• **EXERCISE REQUIREMENTS**
The answer is the full listing below, copied exactly, with its pictures omitted.

• **COLLECTED MATERIAL**

# # # # #

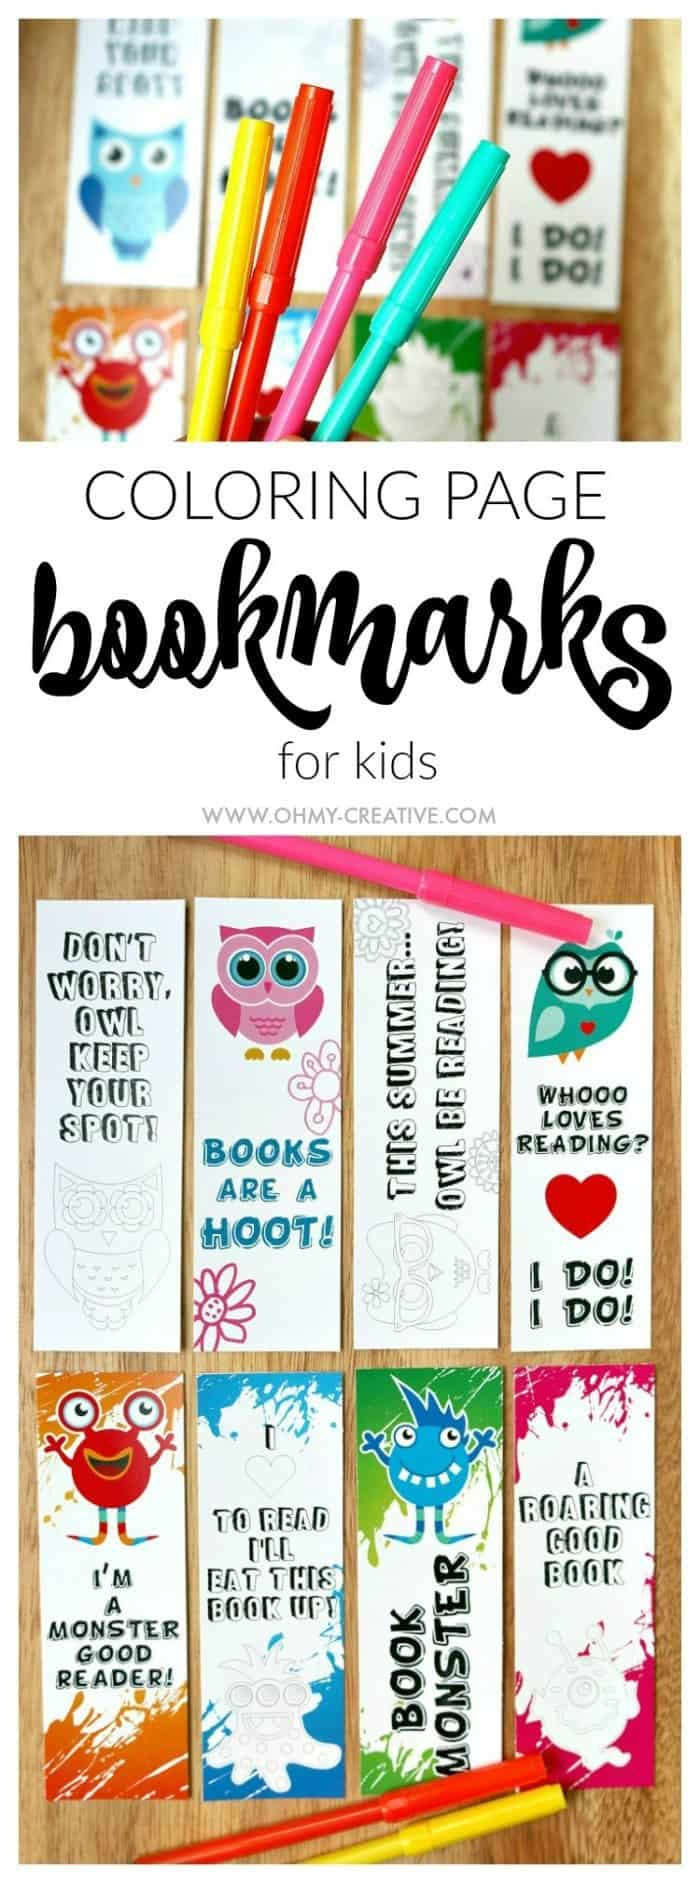 Bookmark-Collage-2
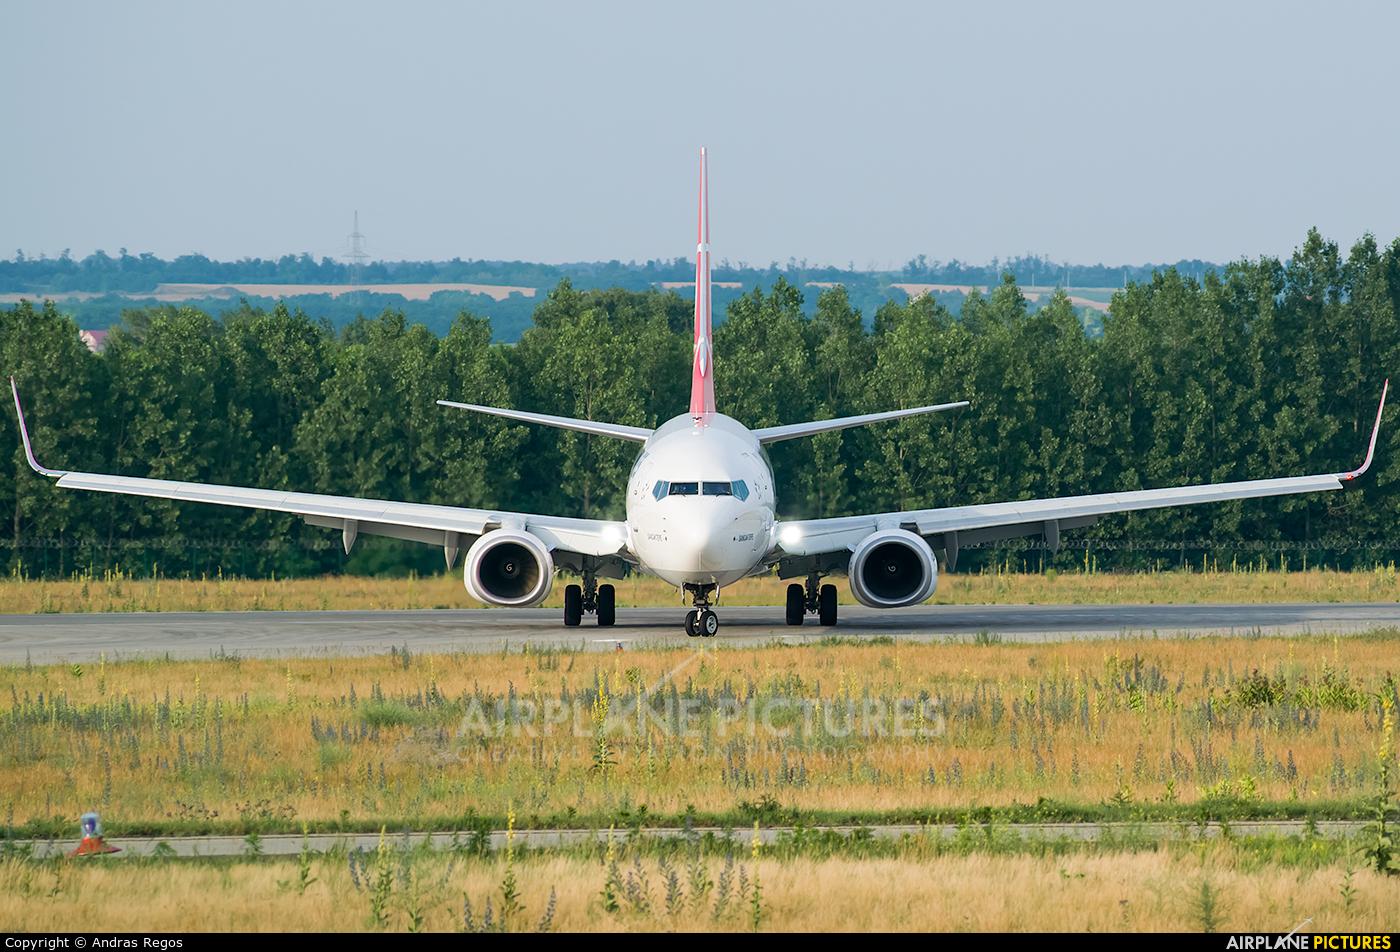 Turkish Airlines TC-JVU aircraft at Budapest Ferenc Liszt International Airport
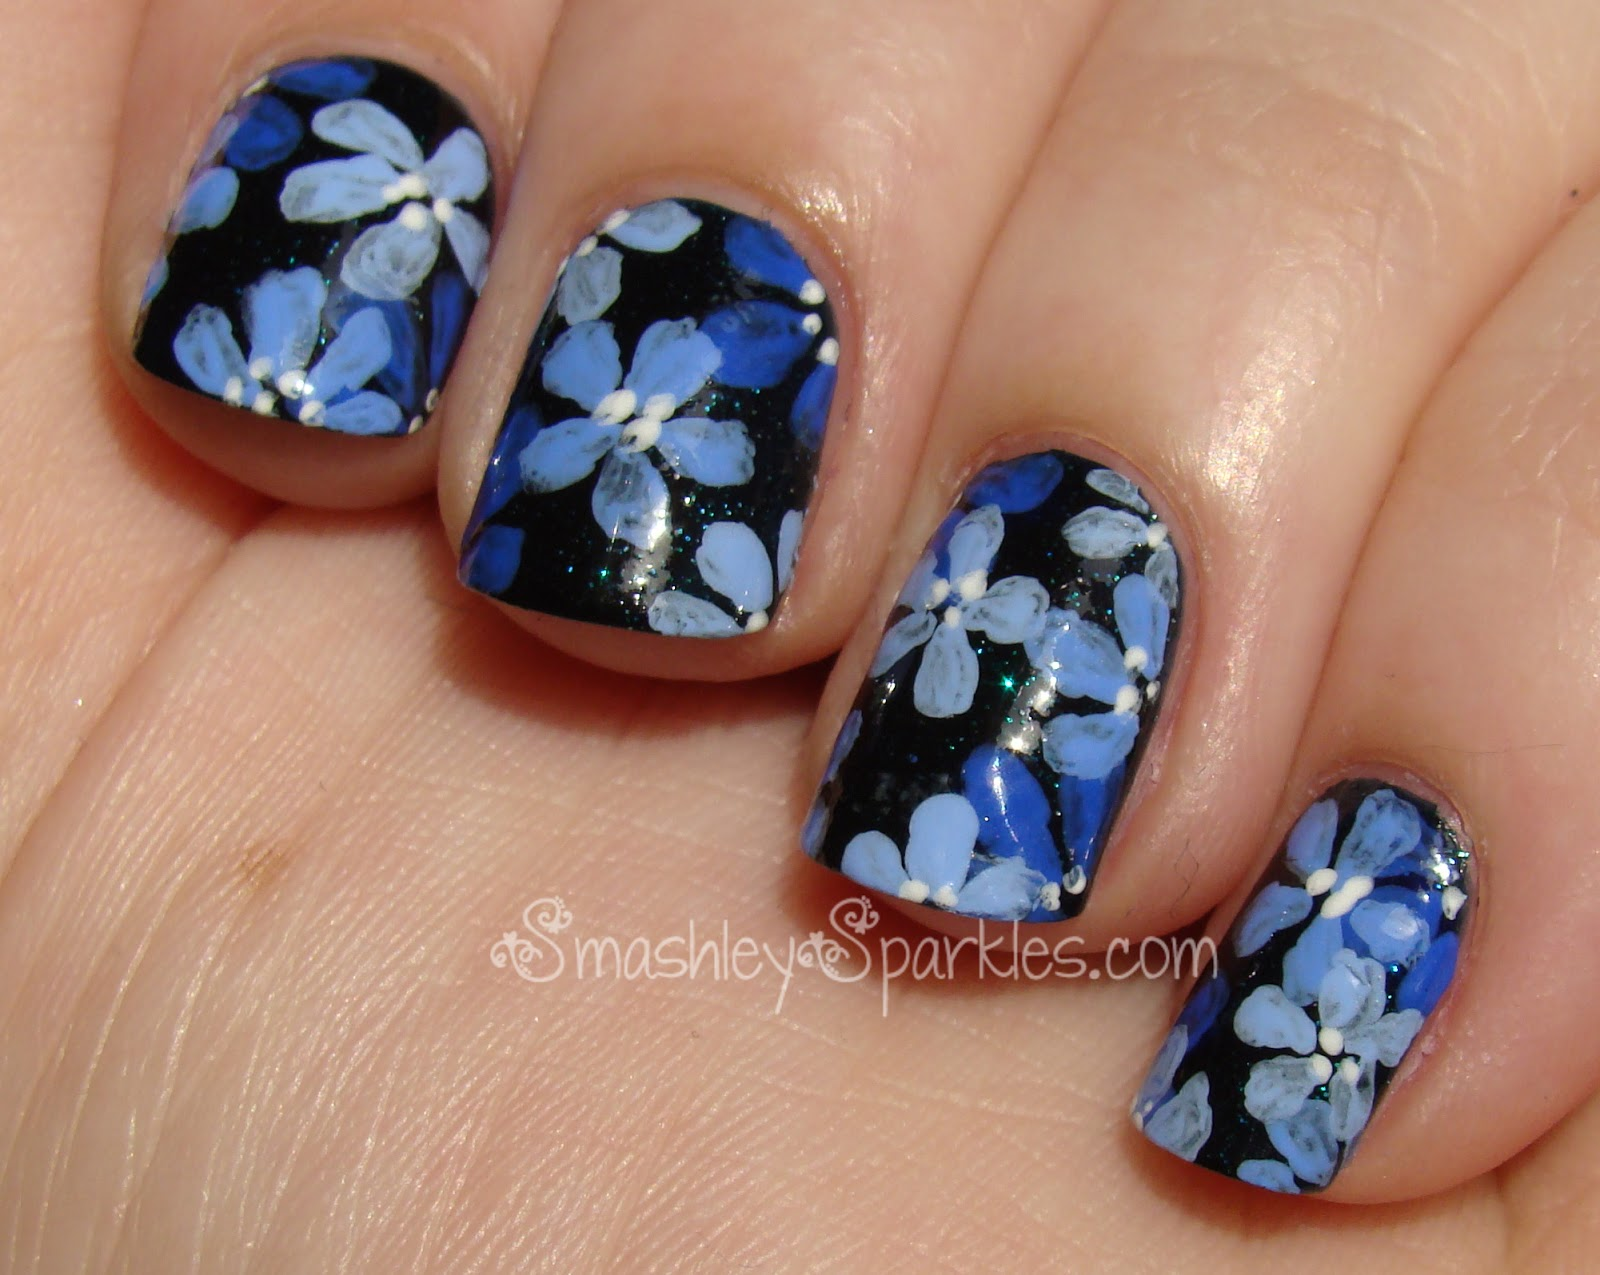 Blue+flower+nail+art+cult+nails+living+water 002.JPG : 6 Blue Prom ...

# # # # #

• **YOUR SOLUTION**
 Bookmark-Collage-2
 Turkish Airlines TC-JVU aircraft at Budapest Ferenc Liszt International Airport
 Blue+flower+nail+art+cult+nails+living+water 002.JPG : 6 Blue Prom ...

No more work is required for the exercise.